Após horas elaborando ideias para influenciar a política, chamar instituições culturais à responsabilidade e reafirmar as contribuições da arte Negra canadense, precisávamos de um descanso. O jantar servido na casa de Crook, permitiu que participantes se separassem e tivessem conversas mais íntimas. Reunir-se sem nenhum objetivo urgente foi uma compensação para as discussões pesadas do dia.
Quem participou, terminou o fim de semana com uma sensação revitalizante, com projetos em andamento. Os diálogos intergeracionais foram particularmente frutíferos, girando em torno de mentorias e legados. Josephine Denis refletiu sobre a responsabilidade que ela sente ao se lembrar das lições aprendida em suas mentorias. Para ela, é importante “garantir que não estejamos tendo exatamente as mesmas conversas, ou, se exatamente as mesmas conversas estão nos sendo impostas, que saibamos que as gerações passadas já fizeram esse trabalho.” Seu foco pessoal e profissional é cuidar e apoiar artistas durante seu tempo de vida, garantir sua representação equitativa em espaços institucionais e que sua obra seja visível e acessível para impedir futuros apagamentos.

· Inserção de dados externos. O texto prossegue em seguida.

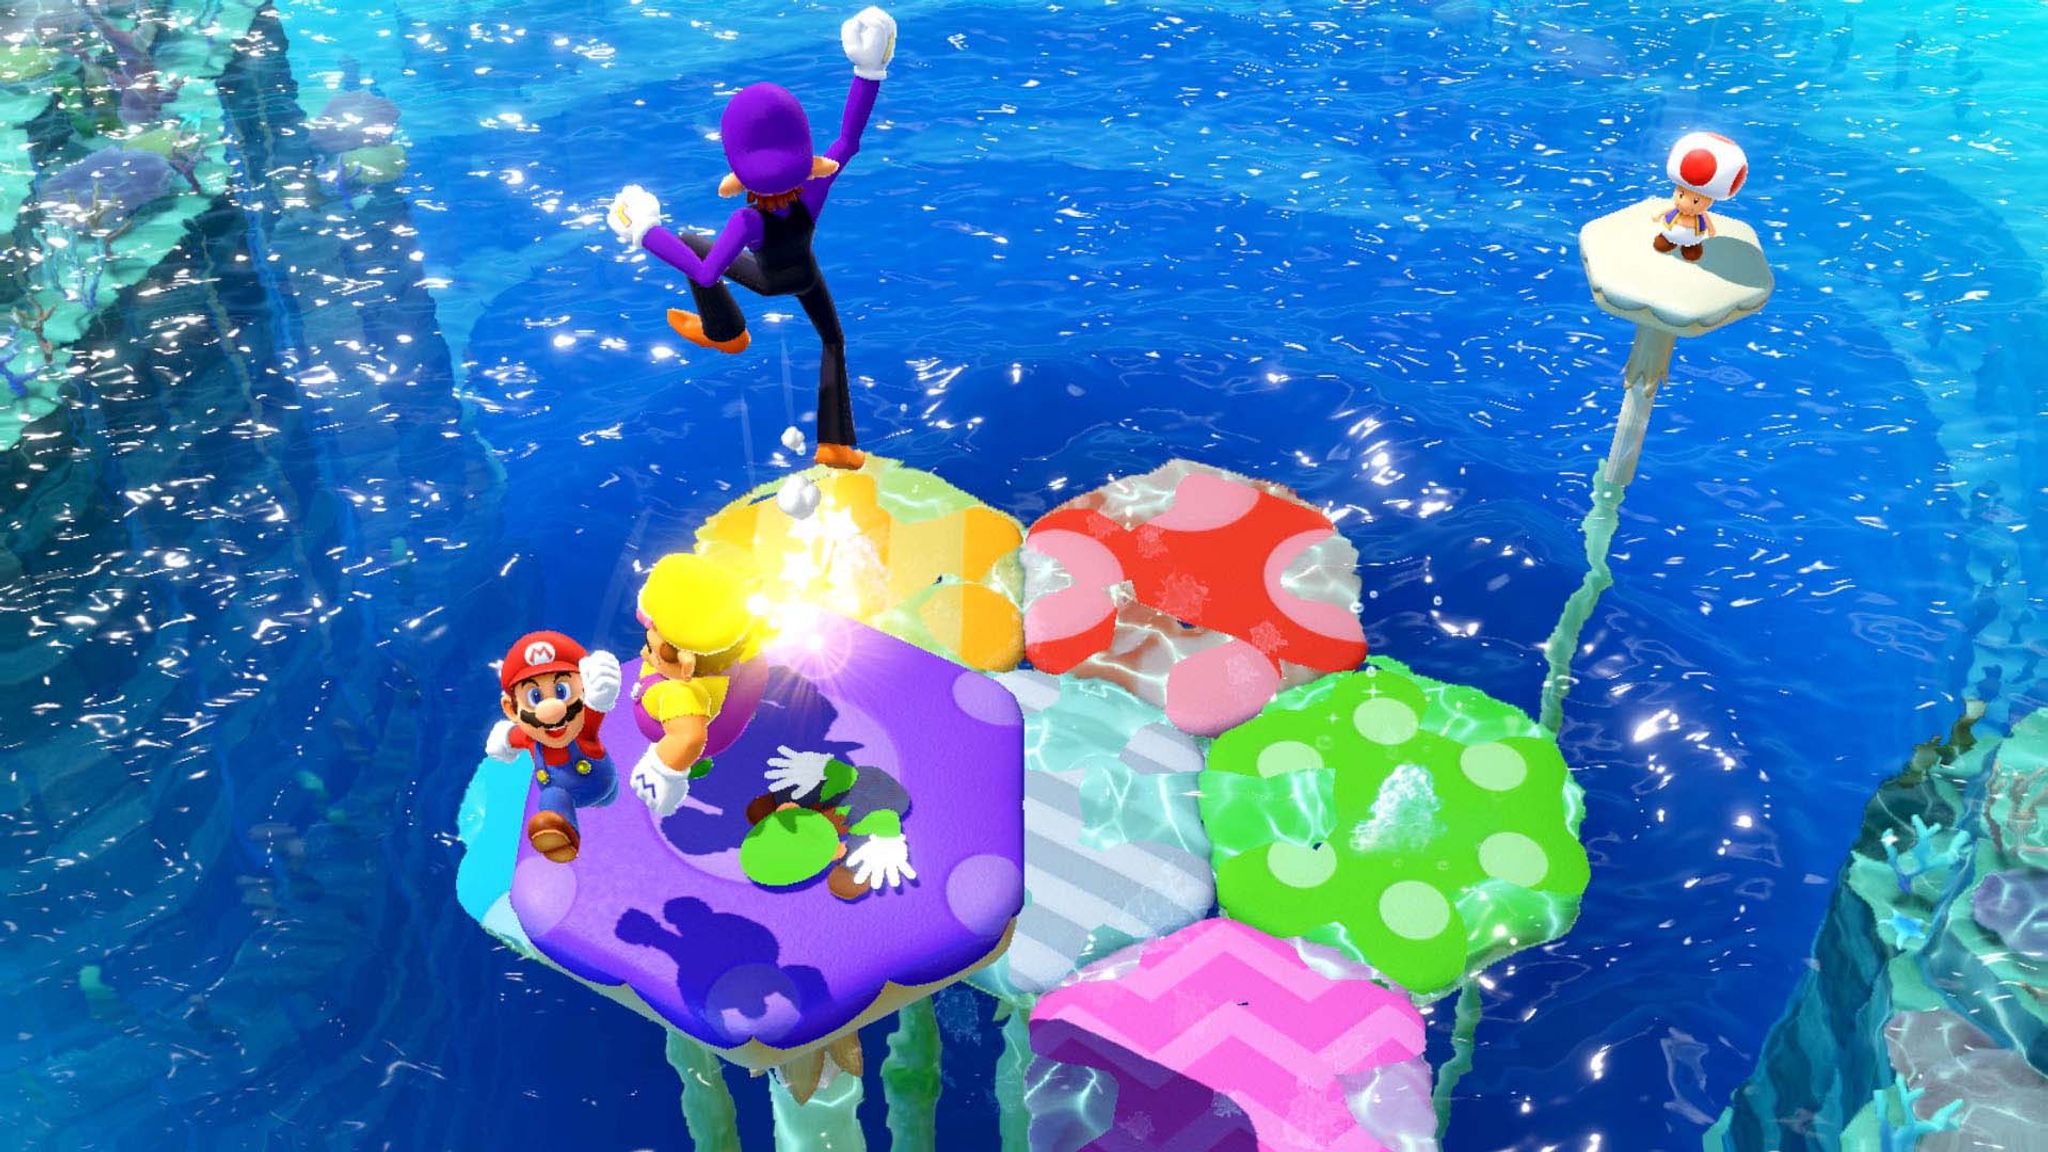 Todos contra todos o en un equipo: "Mario Party Superstars" provee diversión rápida en mini juegos (Foto: Nintendo/dpa )
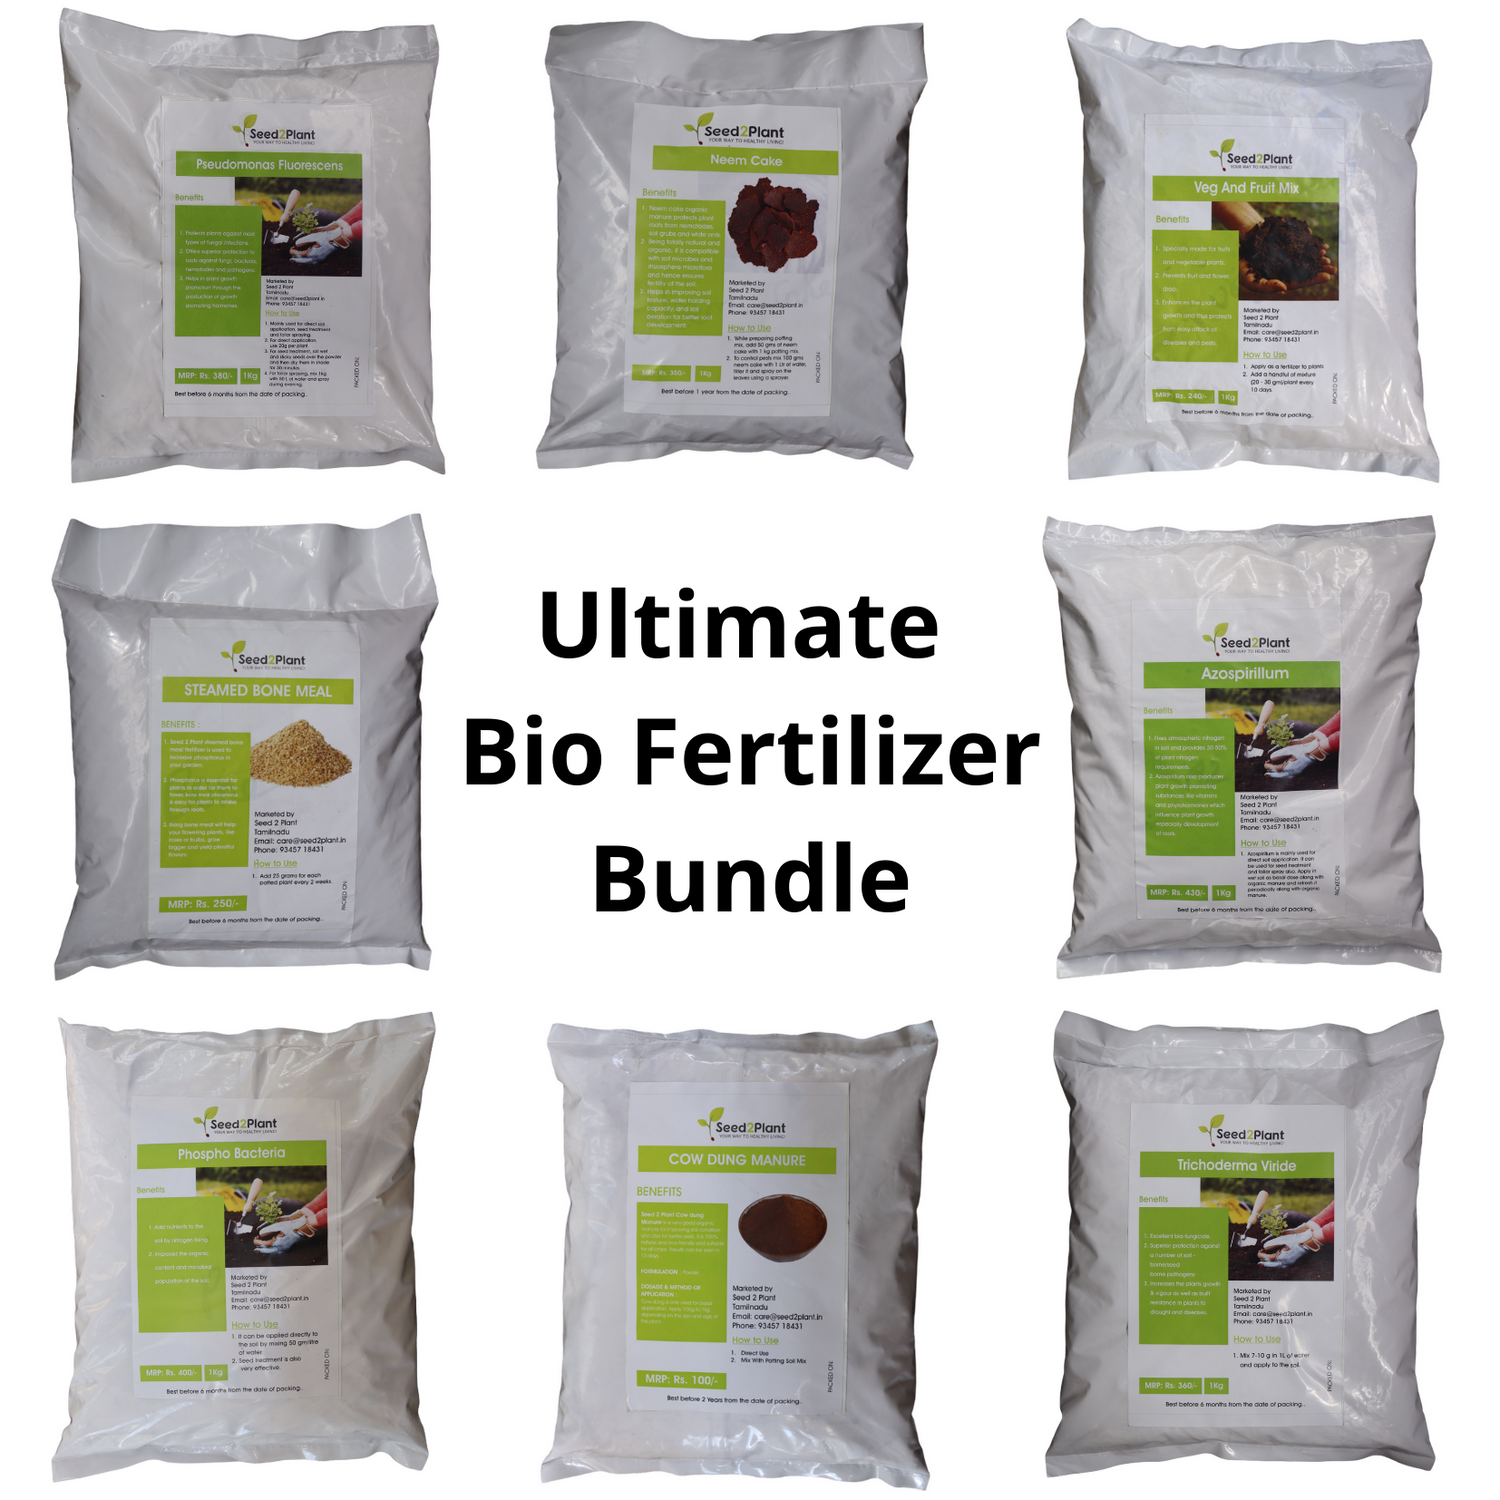 Ultimate Bio Fertilizer Bundle

Como líder dos programas públicos e de extensão da Galeria de Arte Contemporânea SBC, em Montreal, Denis cria redes de contato entre artistas, lideres de comunidades e a instituição.
Na verdade, o fórum foi uma prova da tenacidade permanente das pessoas Negras ativas na curadoria no Canadá. Apesar das dificuldades externas que enfrentam, elas sempre encontram tempo para o cuidado, a mentoria e os diálogos que conduzem à evolução. Criticar as formas como o sistema funciona, favorecendo e colocando a branquitude em um lugar central, pode ser um trabalho desconfortável e sem glamour, mas essas pessoas o fazem todos os dias.
Kelsey Adams é uma escritora especializada em arte e crítica cultural de Toronto. Seu trabalho explora a interseção de arte, cinema e música, concentrando-se nas contribuições de pessoas marginalizadas que produzem cultura.
Este artigo foi publicado inicialmente no site canadianart.ca, no dia 17 de dezembro de 2019.